* _Task to complete_
The lines wanted are those from the one containing "AACHEN, NRW, ALLEMAGNE" to the last line of the entries below; output them exactly, leaving out pictures.

* _Source material_
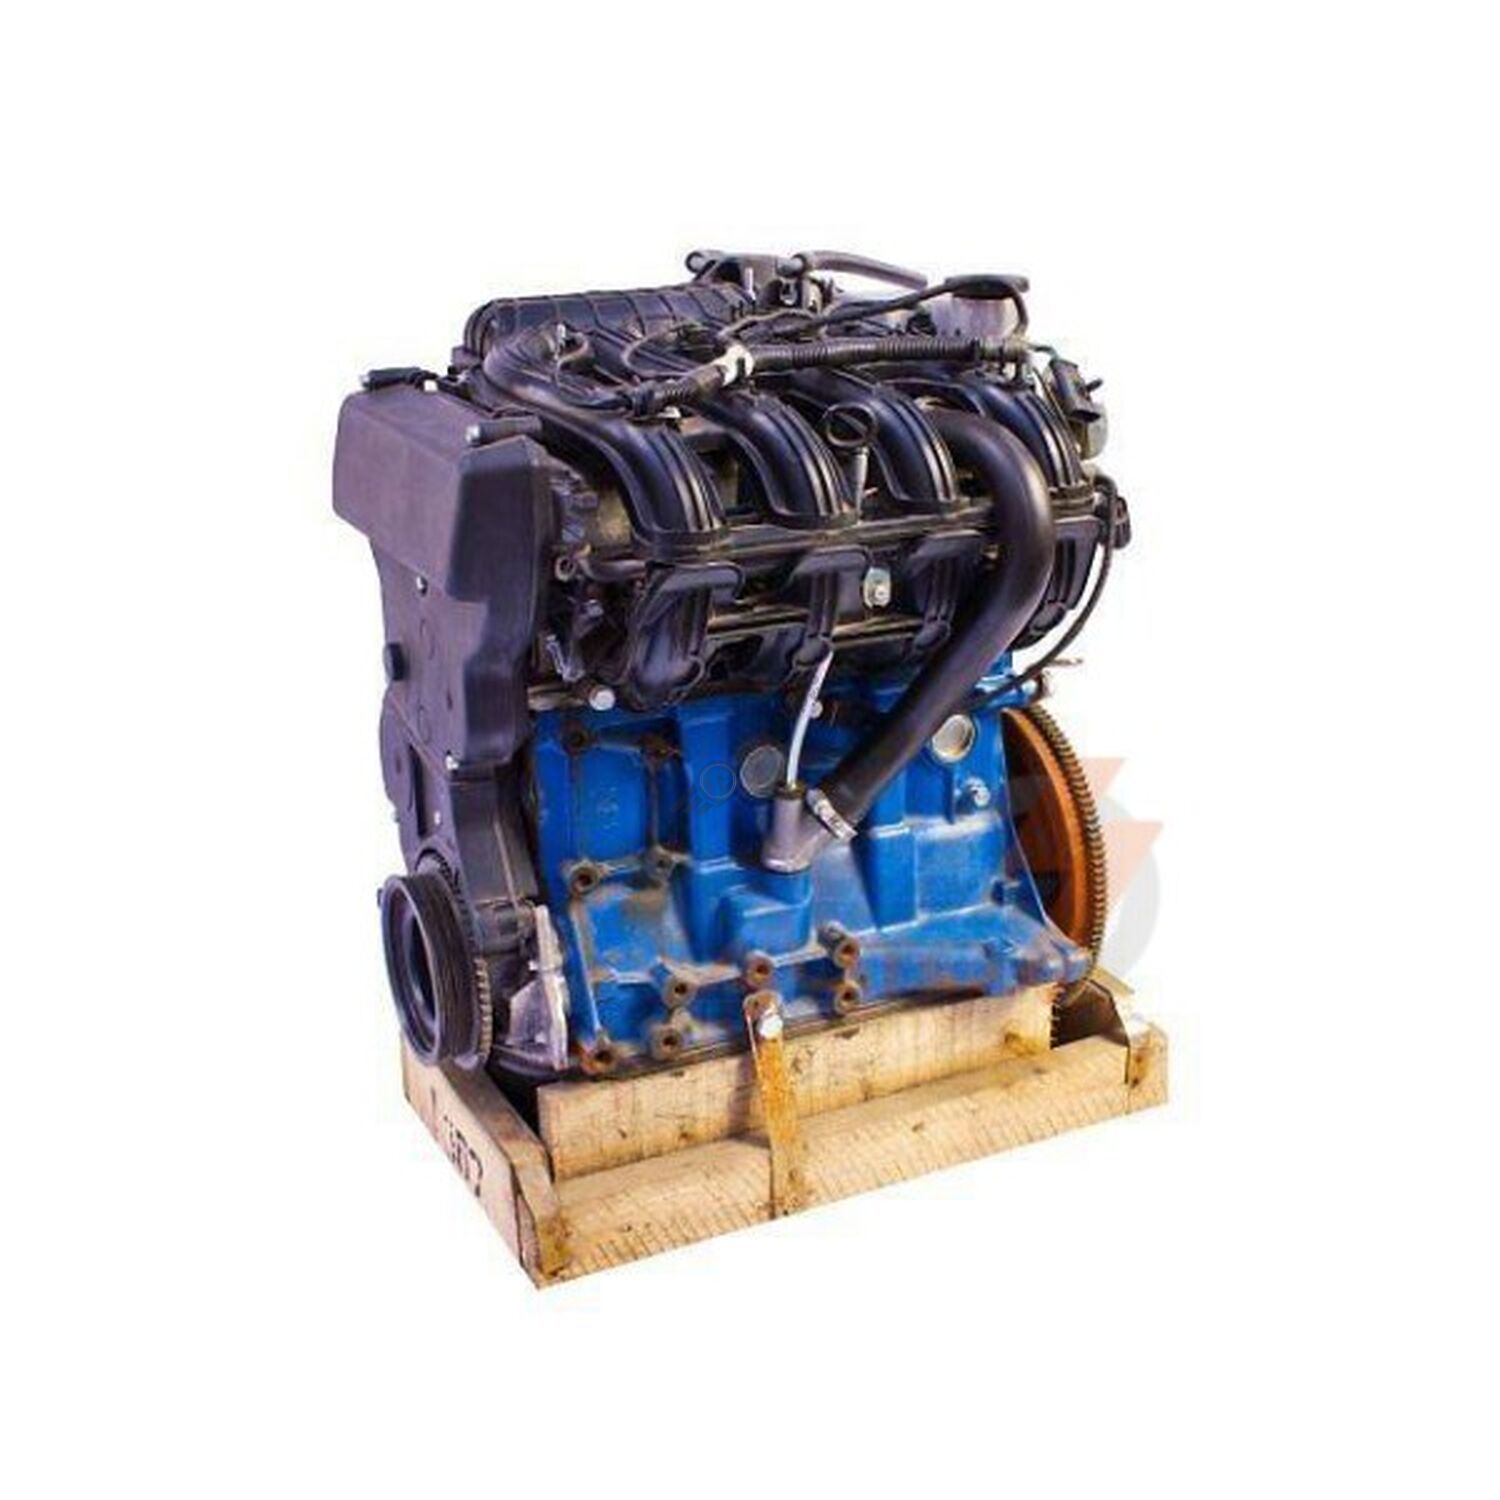 Новый двигатели ваз в тольятти. Мотор ВАЗ 11194. Двигатель 11194 1.4 16 клапанов. Двигатель ВАЗ 11194 1.4 16кл. Мотор 11194 мотор ВАЗ.
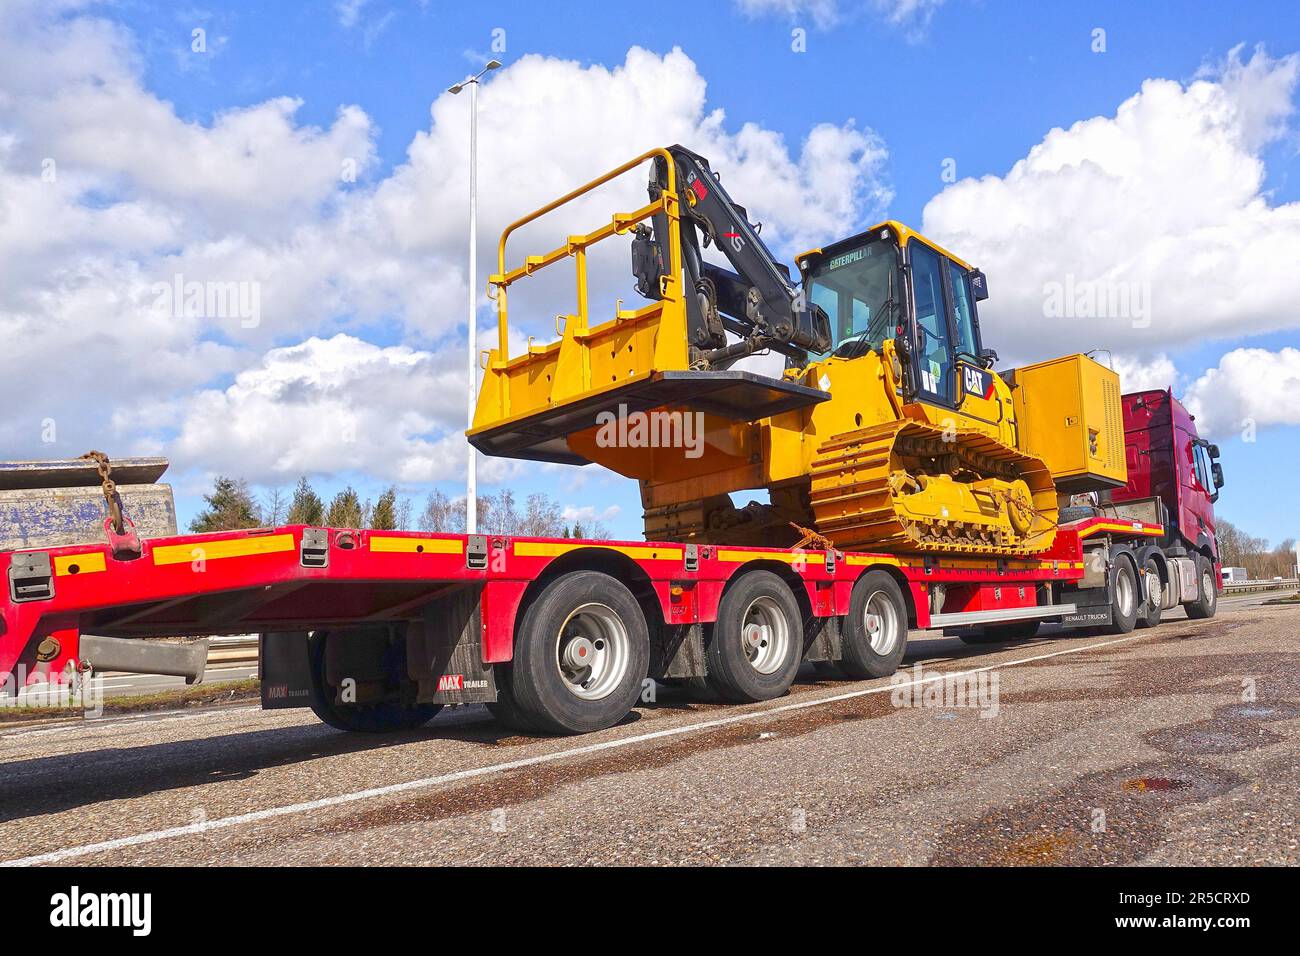 AACHEN, NRW, ALLEMAGNE - 12 mars 2020 : transport lourd d'une grosse chenille sur un camion de remorque spécial à faible charge, stationnement sur un arrêt de camion Banque D'Images
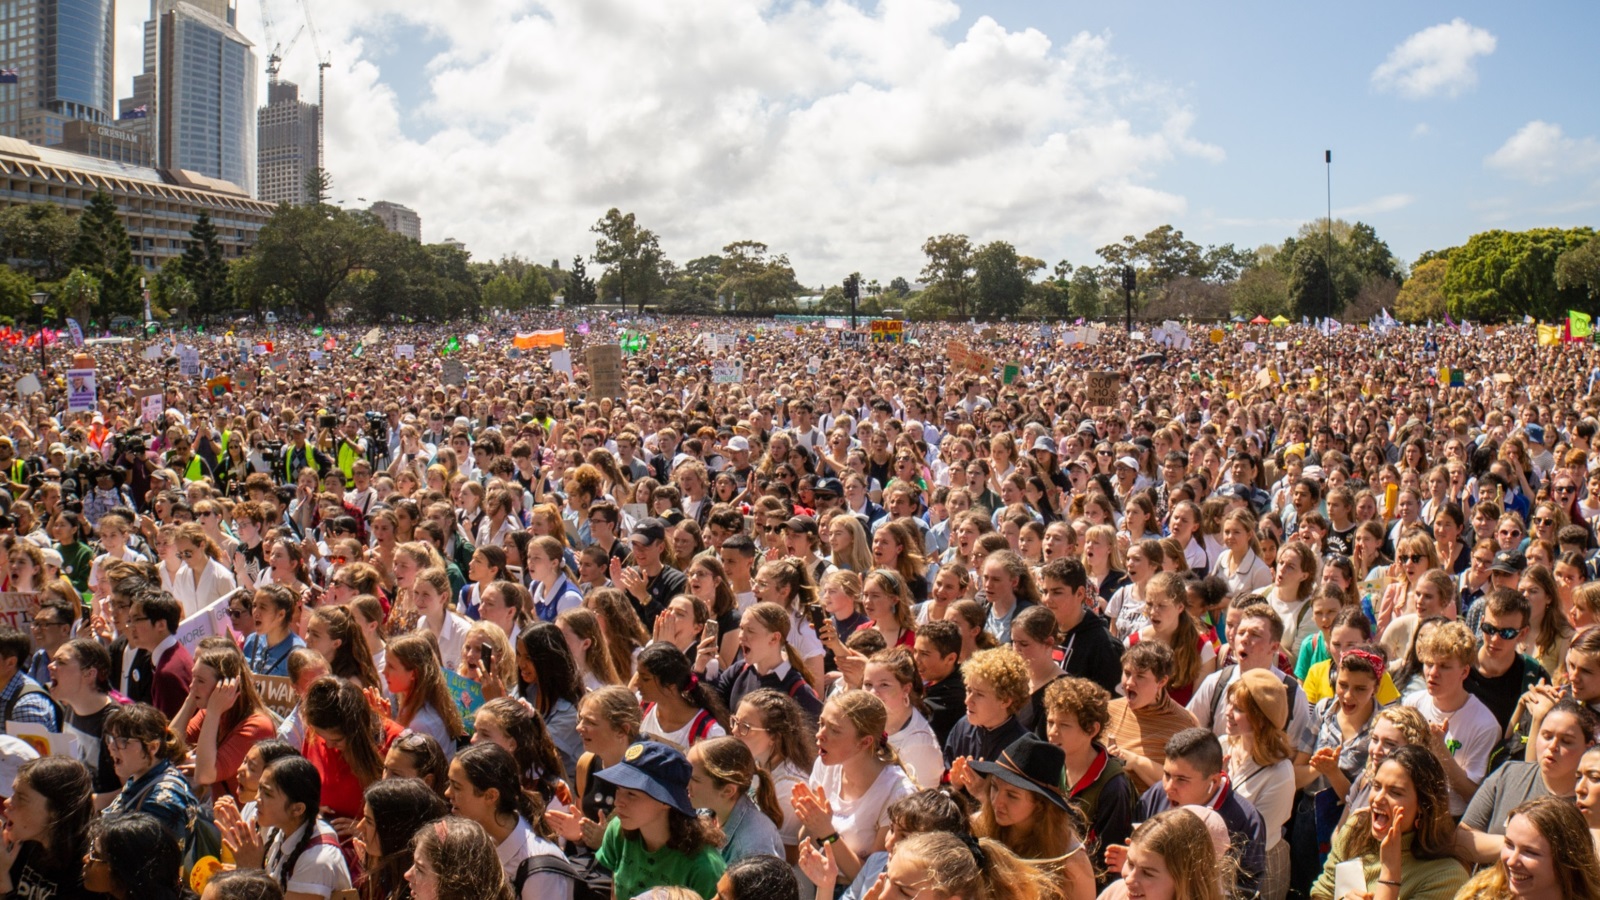 ‪مشاركة الطلاب والشباب في إضرابات المناخ في أستراليا 20 سبتمبر/أيلول 2019 (ويكيبيديا)‬ مشاركة الطلاب والشباب في إضرابات المناخ في أستراليا 20 سبتمبر/أيلول 2019 (ويكيبيديا)
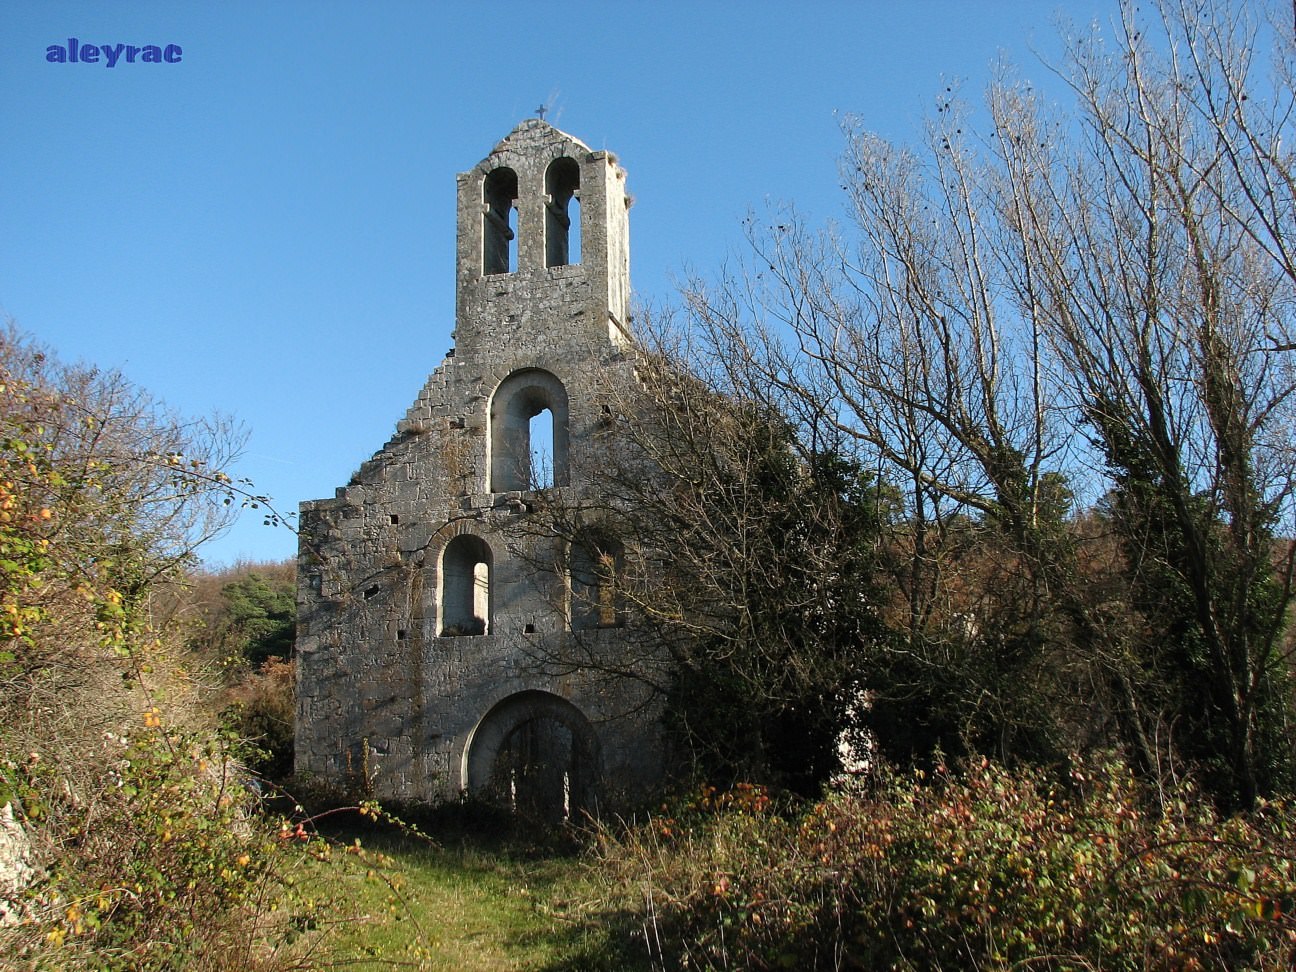 France l'Abbaye d'aleyrac
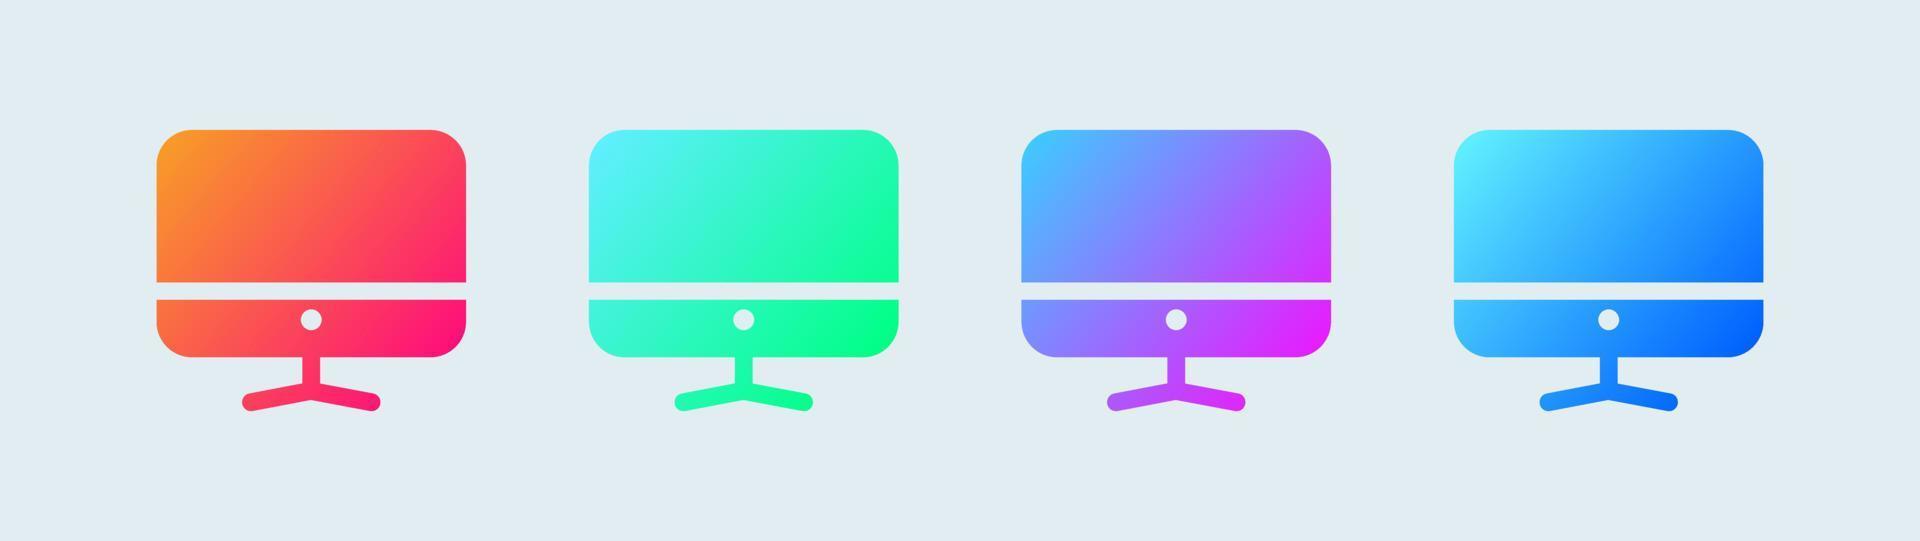 dator solid ikon i gradient färger. desktop monitor tecken vektor illustration.

* _Reply to the exercise_
 AACHEN, NRW, ALLEMAGNE - 12 mars 2020 : transport lourd d'une grosse chenille sur un camion de remorque spécial à faible charge, stationnement sur un arrêt de camion Banque D'Images
 ‪مشاركة الطلاب والشباب في إضرابات المناخ في أستراليا 20 سبتمبر/أيلول 2019 (ويكيبيديا)‬ مشاركة الطلاب والشباب في إضرابات المناخ في أستراليا 20 سبتمبر/أيلول 2019 (ويكيبيديا)
 France l'Abbaye d'aleyrac
 dator solid ikon i gradient färger. desktop monitor tecken vektor illustration.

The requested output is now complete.